PROBLEM REQUIREMENTS — The pictures in the listing below are to be skipped, while the lines between the line holding "GOULD MODICON Input" and the line holding "Reichert Austria MICROSCOPE", inclusive, are to be output exactly.

DATA EXTRACT —
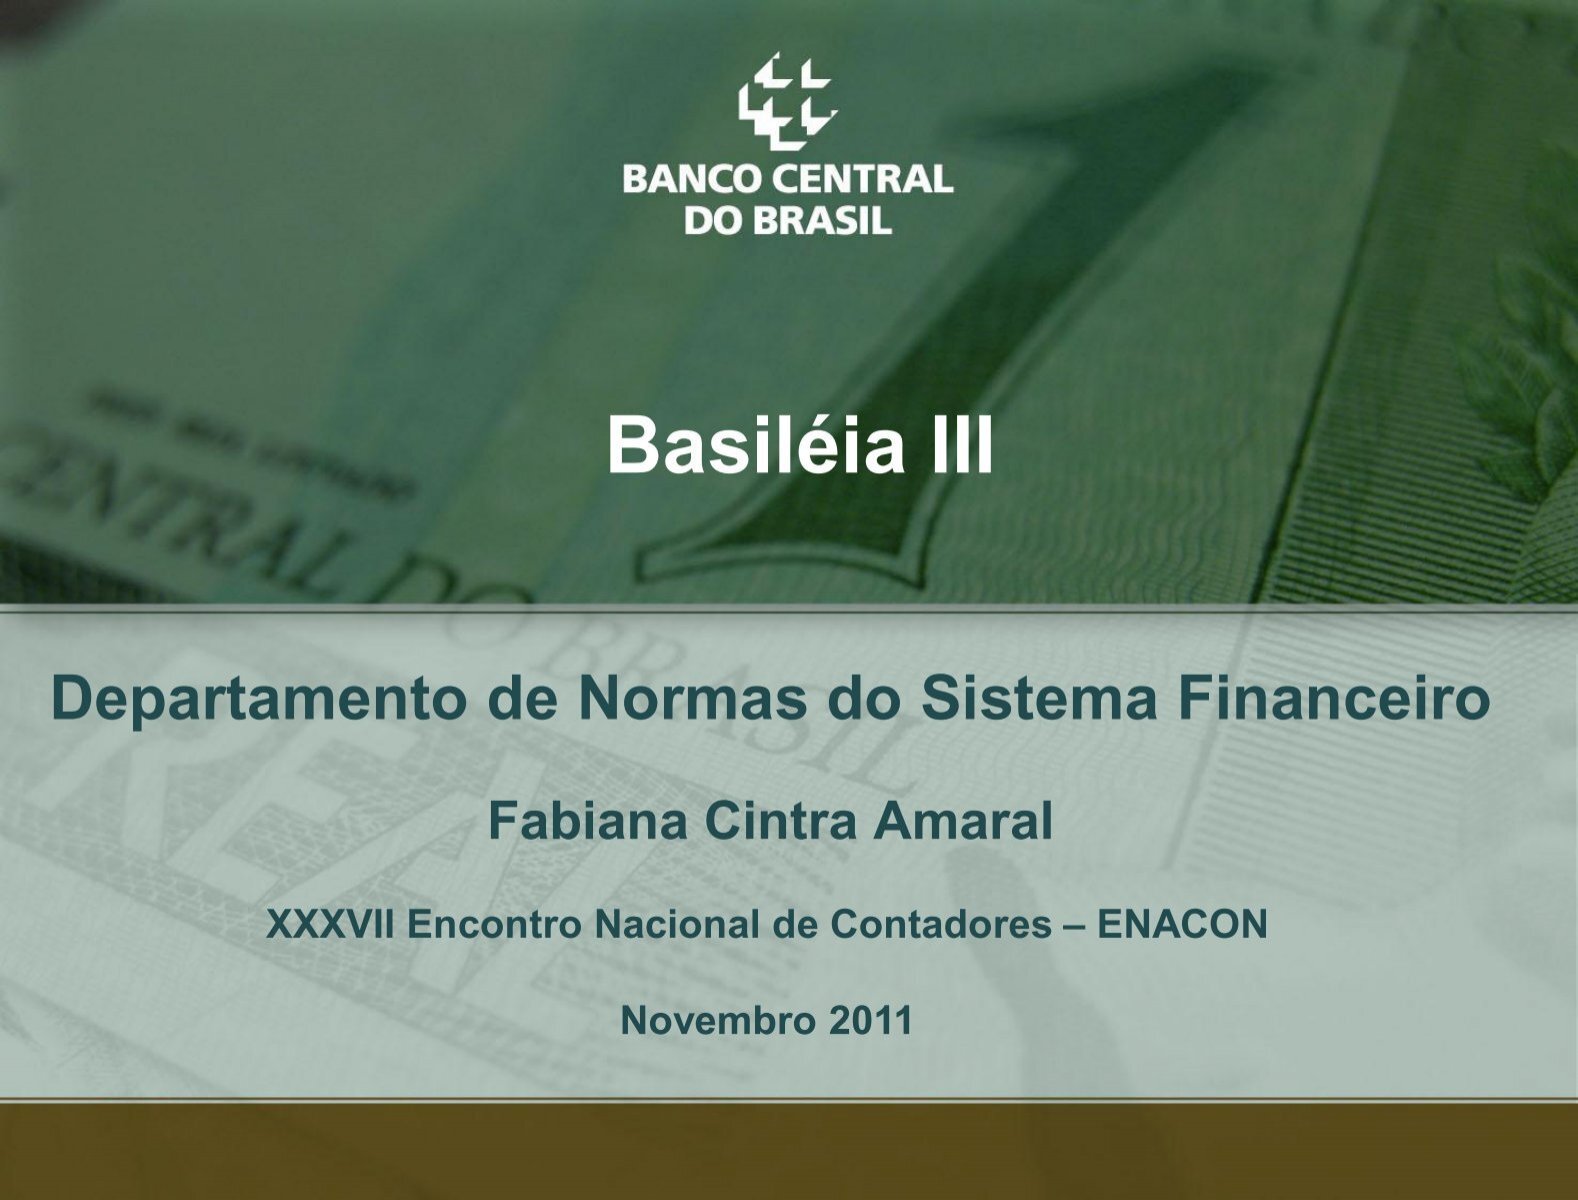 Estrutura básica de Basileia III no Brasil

==

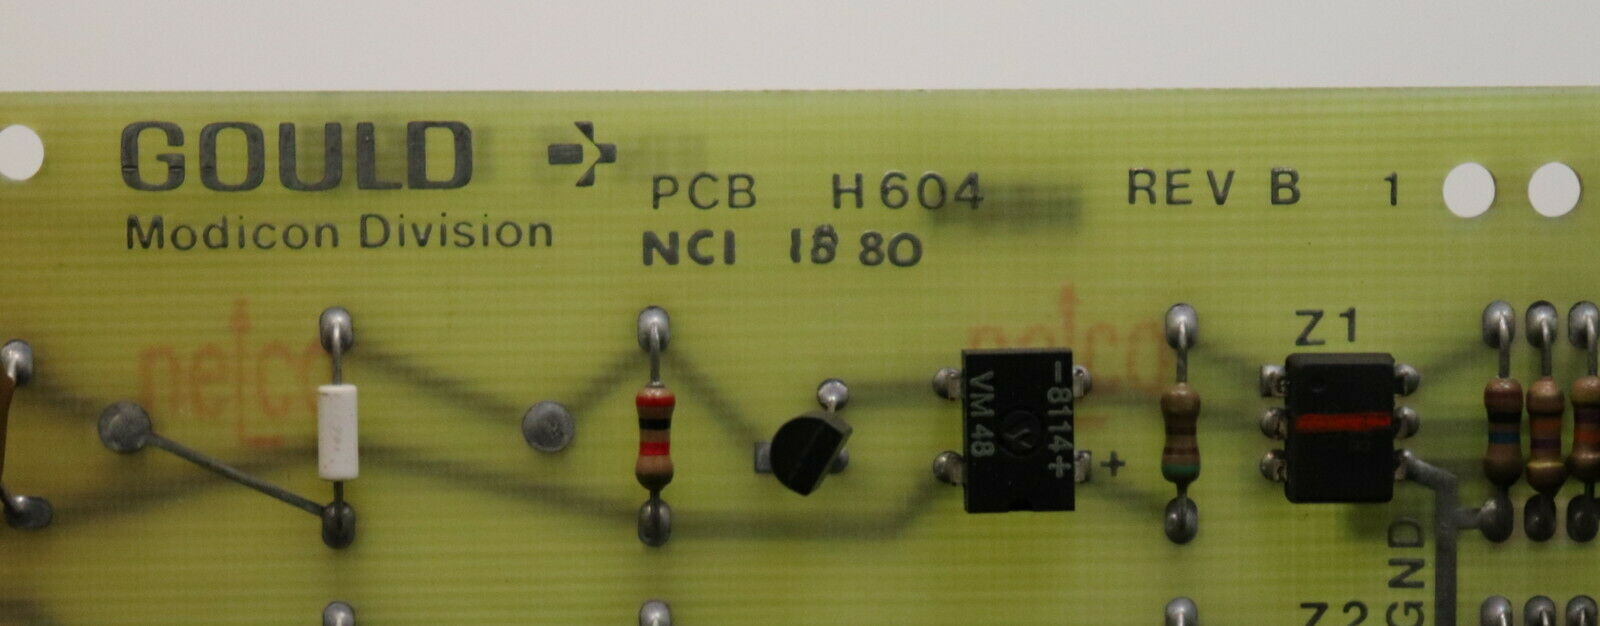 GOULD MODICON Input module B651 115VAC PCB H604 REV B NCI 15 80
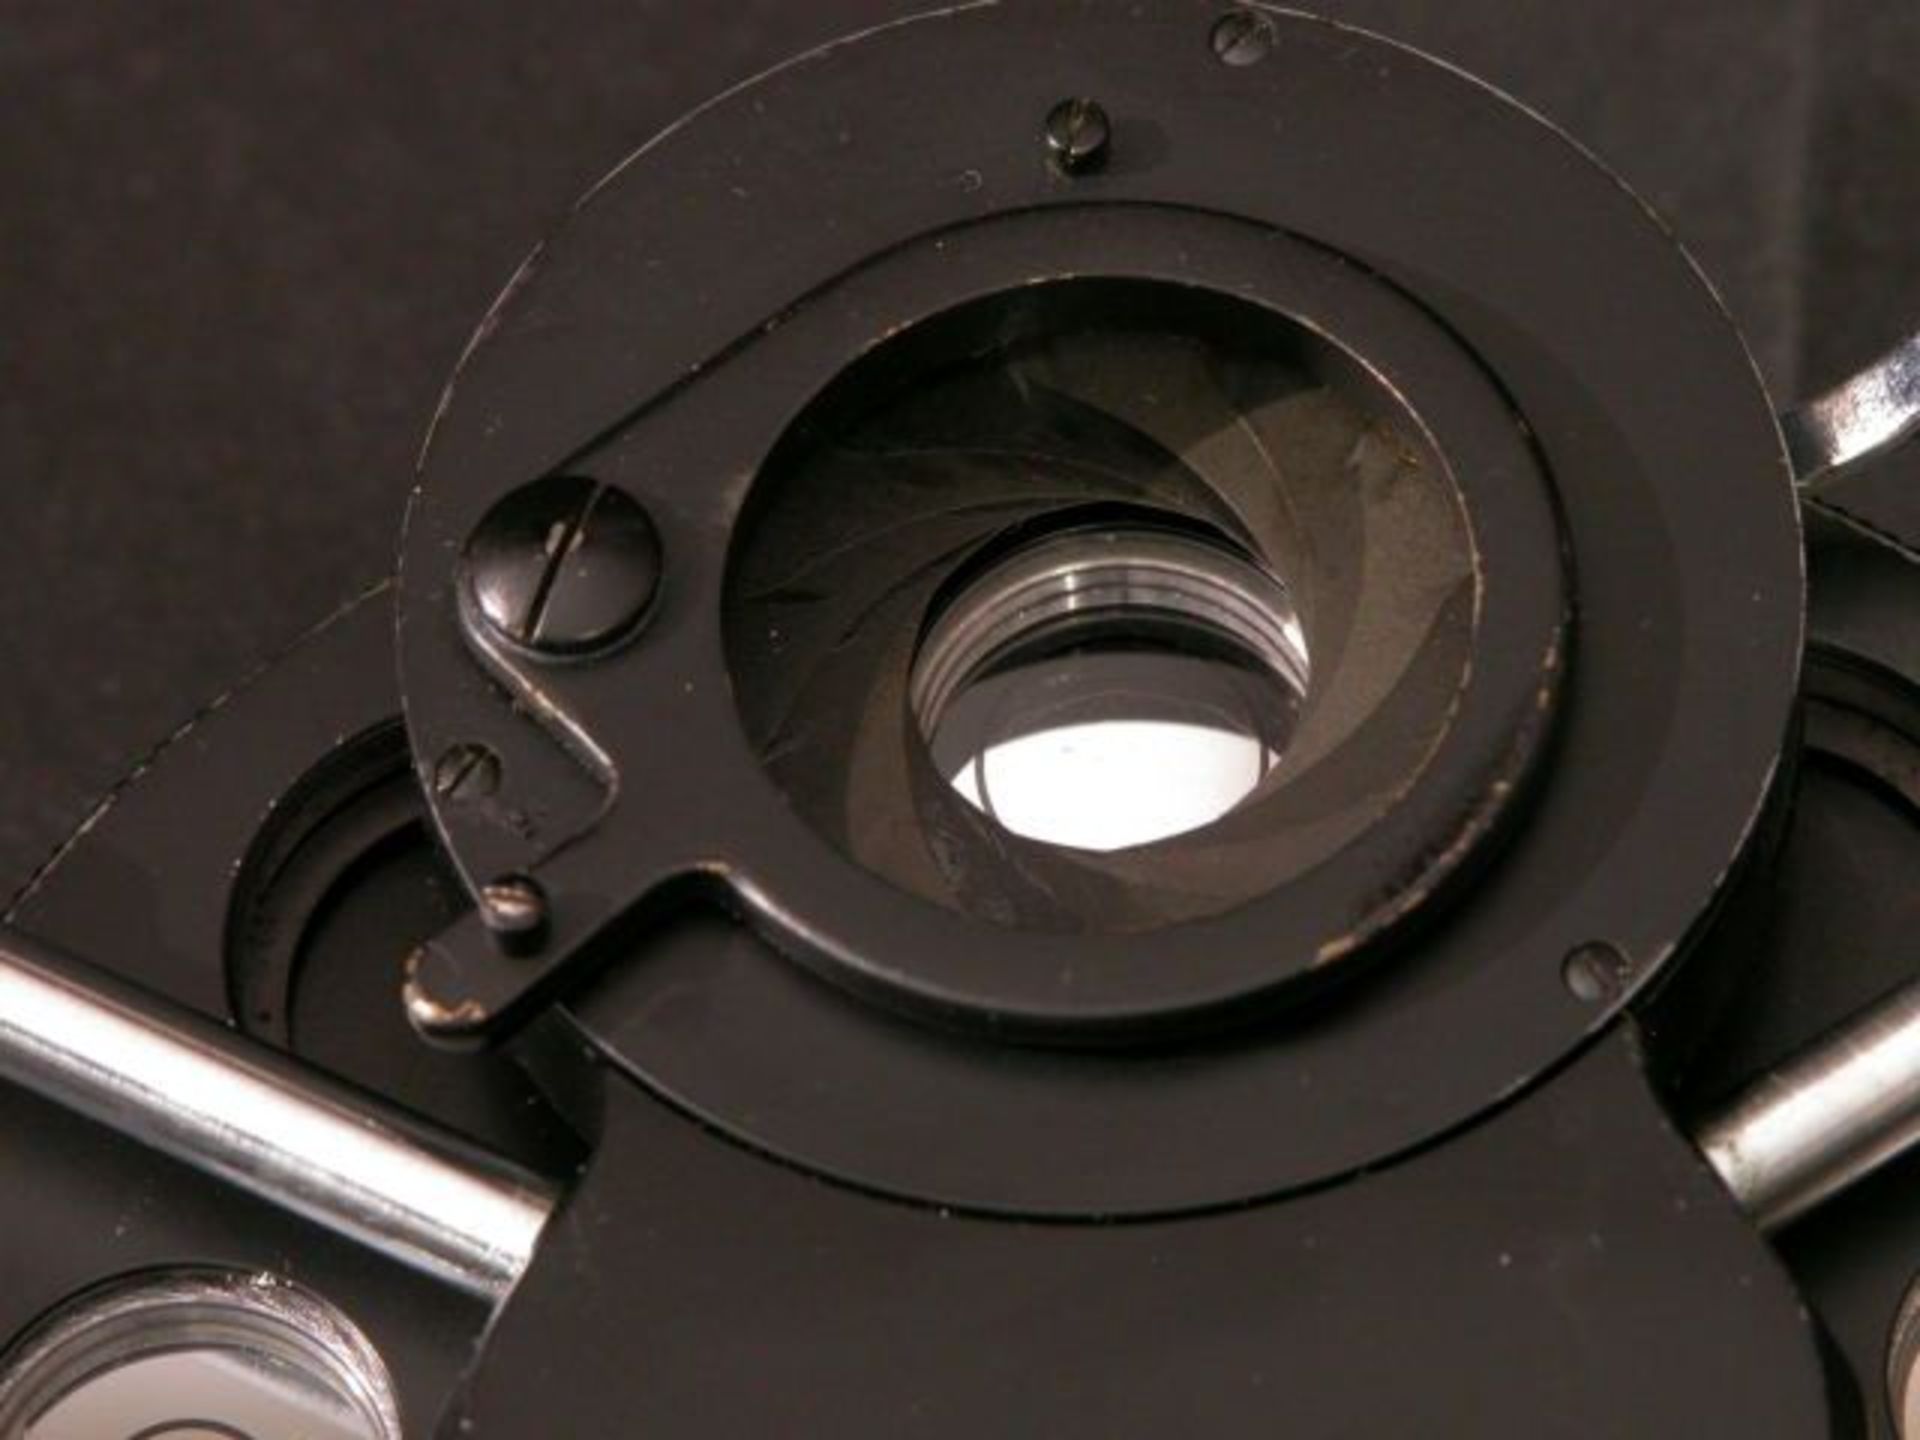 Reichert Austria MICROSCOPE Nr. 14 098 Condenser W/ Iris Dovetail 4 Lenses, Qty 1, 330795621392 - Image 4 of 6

COMPLETED TASK —
 GOULD MODICON Input module B651 115VAC PCB H604 REV B NCI 15 80
 Reichert Austria MICROSCOPE Nr. 14 098 Condenser W/ Iris Dovetail 4 Lenses, Qty 1, 330795621392 - Image 4 of 6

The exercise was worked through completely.